Los gritos del hermano
El silencio asumió sus proporciones más grotescas en la casa de Artur Wilke. “Siempre le llamábamos ‘tío’”, dice Sigrid, 79, la hija mayor de Artur Wilke, en el comedor de su casa, en Nienburg, a una hora y media de viaje de Stederdorf. No sabían nada, reitera. No tenían ni una pizca de sospecha. “Después de todo, no conocía a mi padre en absoluto”. El “tío” era una persona inteligente pero muy rígida y violenta. Golpeó tanto a su hermano que una vez necesitó puntos de sutura en su cabeza.
“Vivíamos en un pequeño apartamento”, dice. “Los vecinos de abajo siempre escuchaban cuando había golpes y gritos y todo. Los gritos de mi hermano eran horribles. Puedo oírlos hasta hoy. Nunca sale de tu cabeza”.
Con cinco niños en la casa estaba muy abarrotada, así que Sigrid y su hermana se mudaron a una habitación vacía en la escuela. Después, Wilke decidió enviar a sus tres hijos “adoptados” para otra adopción en los Estados Unidos. Dos de ellos permanecieron allí, pero Sigrid regresó a Alemania en pocos meses. “Mi hermano estaba agradecido por el traslado a América y no quería oír nada más sobre Alemania. Nada. No supe nada de él durante los siguientes 60 años”.
Sigrid tenía 20 años cuando el hombre al que llamaba “tío” fue arrestado en la escuela. “Llegó una llamada telefónica. Walter ha sido arrestado, dijo mi madrastra. Me sorprendió.”
¿Preguntó por qué?
“No preguntas. No hay preguntas. Eso era completamente tabú”.

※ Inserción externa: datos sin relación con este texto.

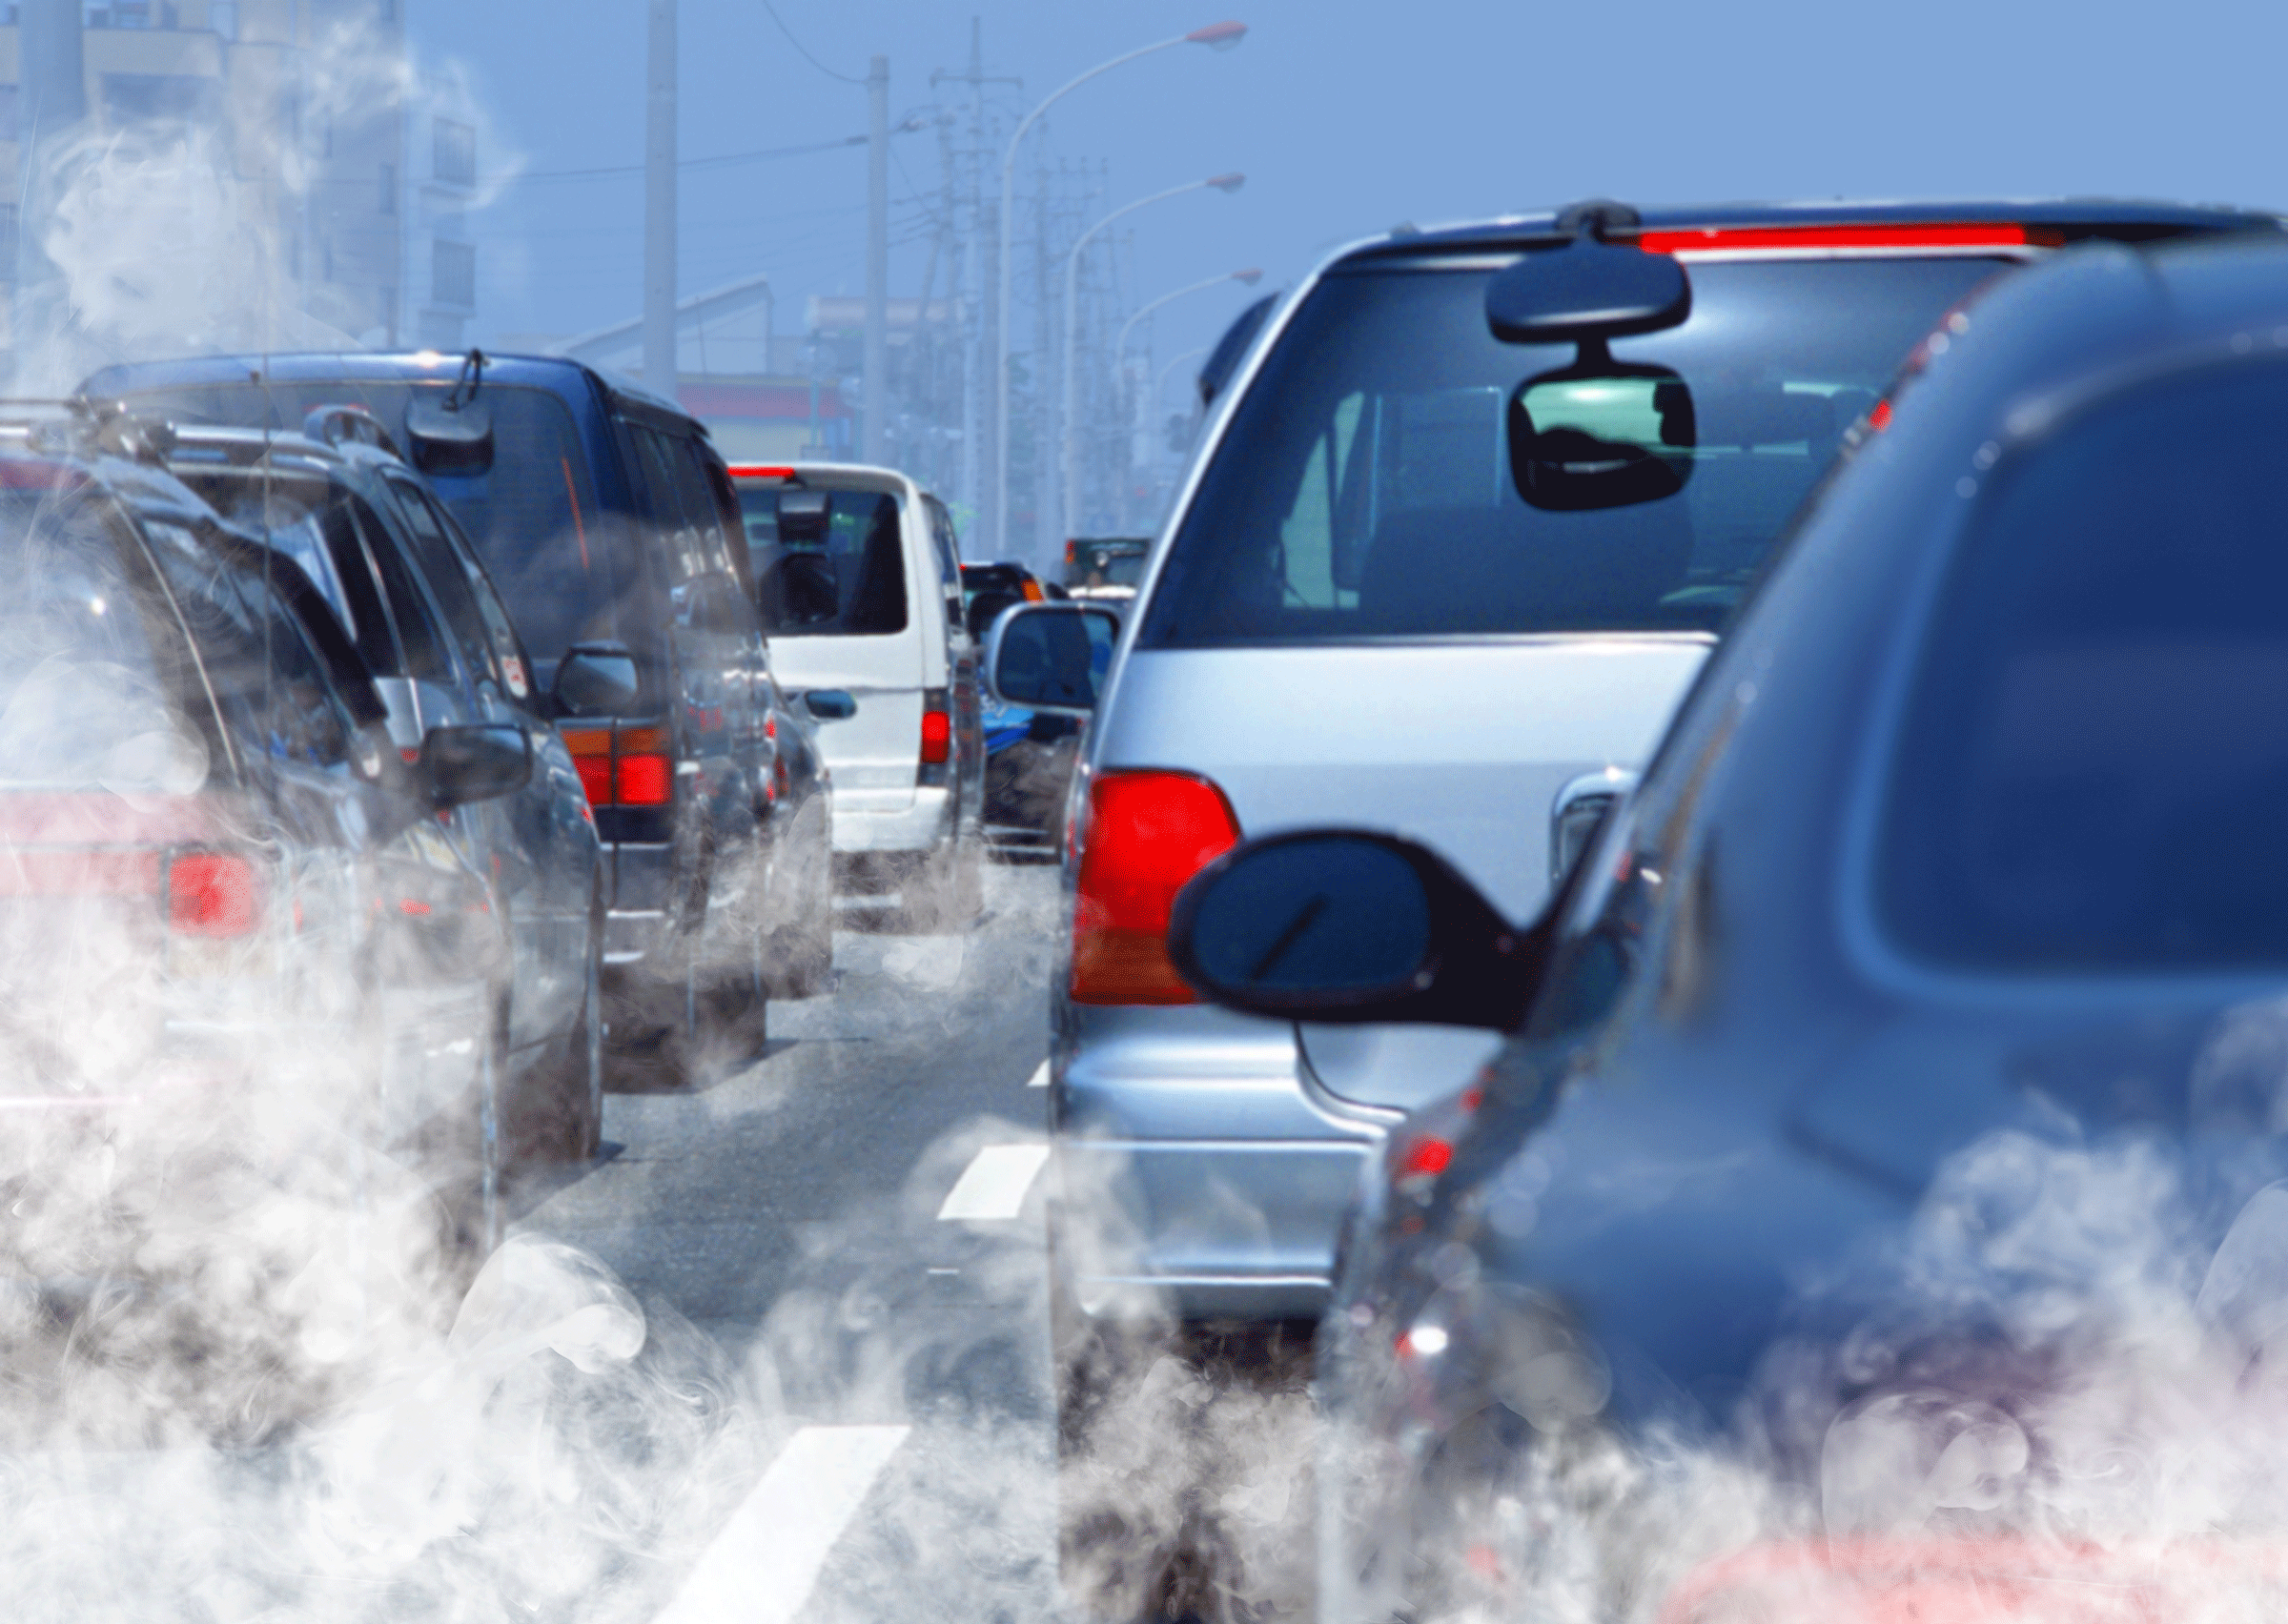 vehicle exhaust pollution

¿Cómo has llegado a entender que uno no pregunta? Los niños siempre preguntan.
“Es cierto, pero de alguna manera había miedo. Entramos en una familia que no conocíamos en absoluto. También hay que recordar que todavía estábamos en shock por la muerte de nuestra madre”.
Los rumores iniciales que escucharon tanto los aldeanos como la familia, era que la razón del arresto era la bigamia. Una verdad parcial. Sigrid no sabía sobre la acusación de crímenes de guerra. Ella y sus hermanos ni siquiera preguntaron de qué se acusaba a Wilke. “Con nosotros no hubo preguntas. En esta historia no hubo preguntas. Había preguntas si algo sucedía en la escuela, se le permitía preguntar sobre eso, sin problema. ¿Pero aparte de eso? ¿Sobre asuntos personales? No. Eso fue lo más terrible de todo, ¿no? No sabía dónde nació mi padre. No sabía nada”.

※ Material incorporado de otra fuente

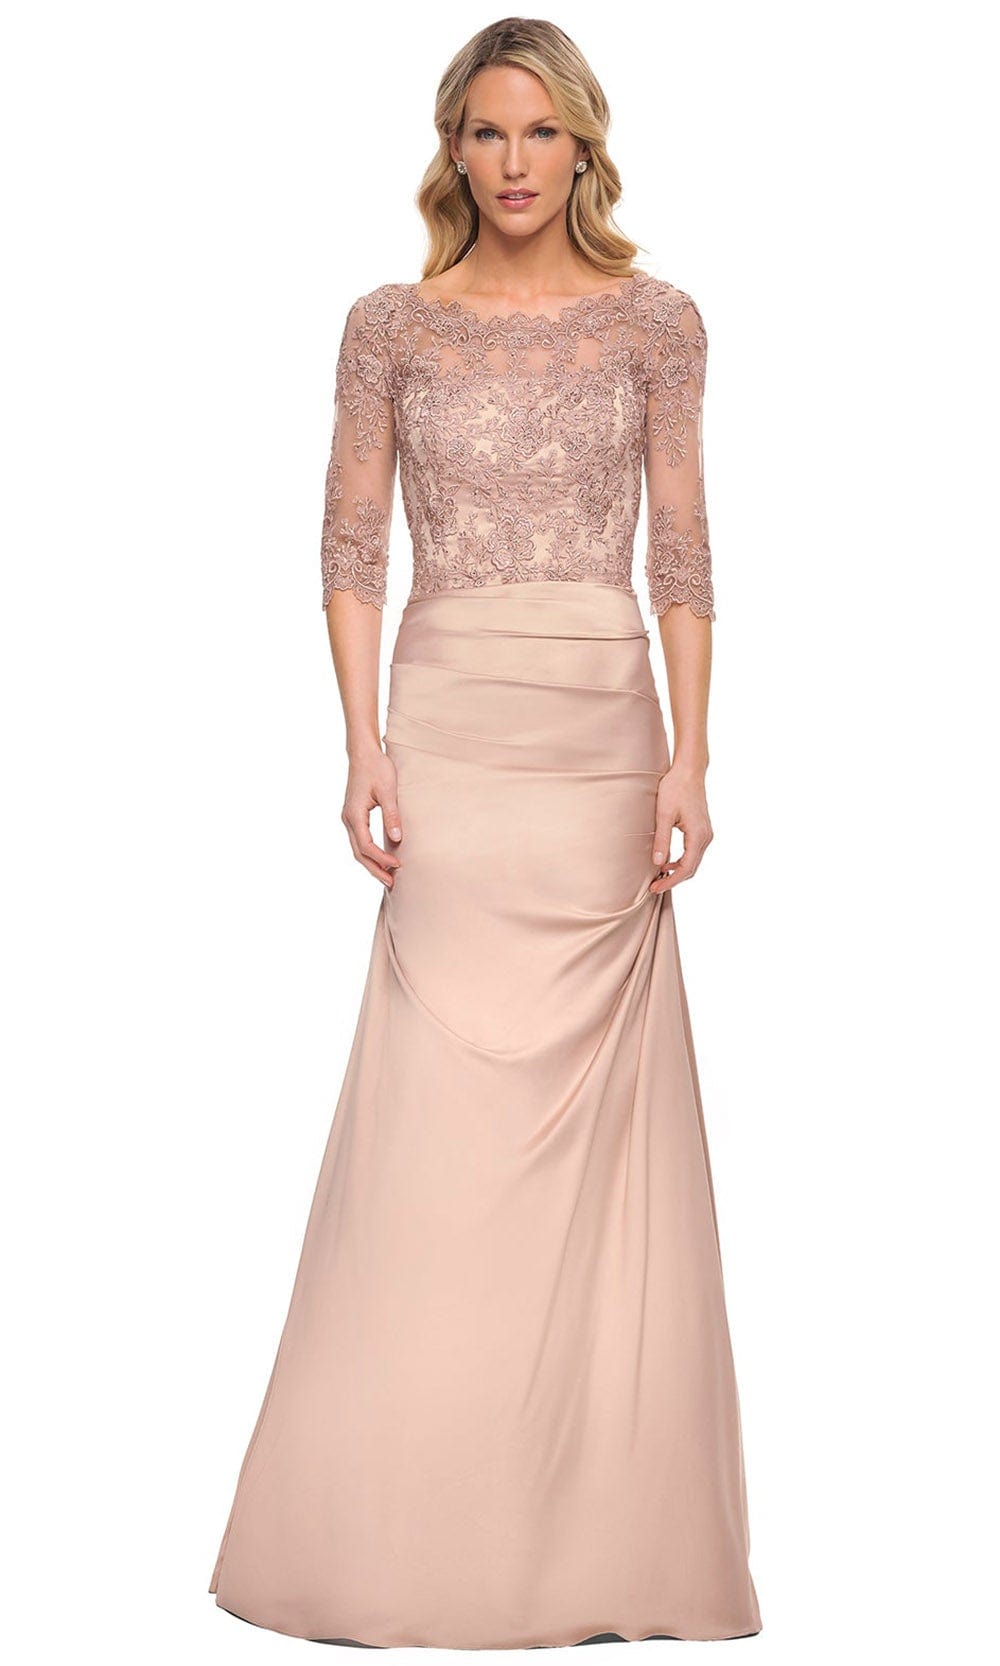 Image of La Femme 30162 - Lace And Satin Sheer Gown

Sus hermanos se enteraron del arresto un día cuando estaban en la escuela en los Estados Unidos.
Sigrid: “La maestra entró en su aula y dijo: ‘Otro cerdo ha sido arrestado en Alemania’. ¡Delante de toda la clase! ¡Un educador tiene que tener un poco de comprensión! Podría haberse acercado a ellos en el recreo y decirles que era su padre. Horrible”.
Wilke escribió desde la prisión con frecuencia. Muchos poemas. A veces los niños respondían. Entonces, un día fue liberado y regresó a casa. “Creo que trató de disculparse por haber estado en la guerra, por el arresto, por no haber tenido tiempo para nosotros. Ese era mi sentimiento”, dice Sigrid. Incluso después de su regreso, ella nunca le llamó Padre; o Tío; o Artur. “Simplemente me abstuve”. Unos años más tarde, su medio hermano, Wolfdietrich, se suicidó en su 27 cumpleaños.
Todas las preguntas sobre lo que ella sabía, lo que pensaba y lo que preguntaba provocan la misma respuesta: nada. Hoy en día es difícil entender el mundo en el que creció: la orfandad, el pequeño apartamento del pueblo, el tío violento, la generación de la guerra que borró su pasado. Era un mundo de silencio. Una grieta apareció en ese mundo hace dos años, cuando Gückel compartió sus planes con Sigrid, aunque no había mucho que ella pudiera decirle. “Traté de olvidar todo hasta ahora, cuando todo volvió a aparecer. Es muy difícil, sí. No es fácil. Descubrir todo esto. Hay una carga”.
¿La carga es más pesada ahora?
“Sí, ciertamente. Después de todo, no sabíamos nada, y ahora estamos empezando a entender lo que realmente pasó; o realmente no lo entendemos”.
La publicación del libro llevó a una renovación de la conexión con el hermano en América, después de 60 años. Sin embargo, los lazos con su hermana menor, que vive en Stederdorf, se han cortado desde la publicación del libro. “Tienes que dejar que todas estas cosas viejas descansen en silencio”, se dice. Pero Sigrid no lo lamenta. “Quería saber la verdad”, dice.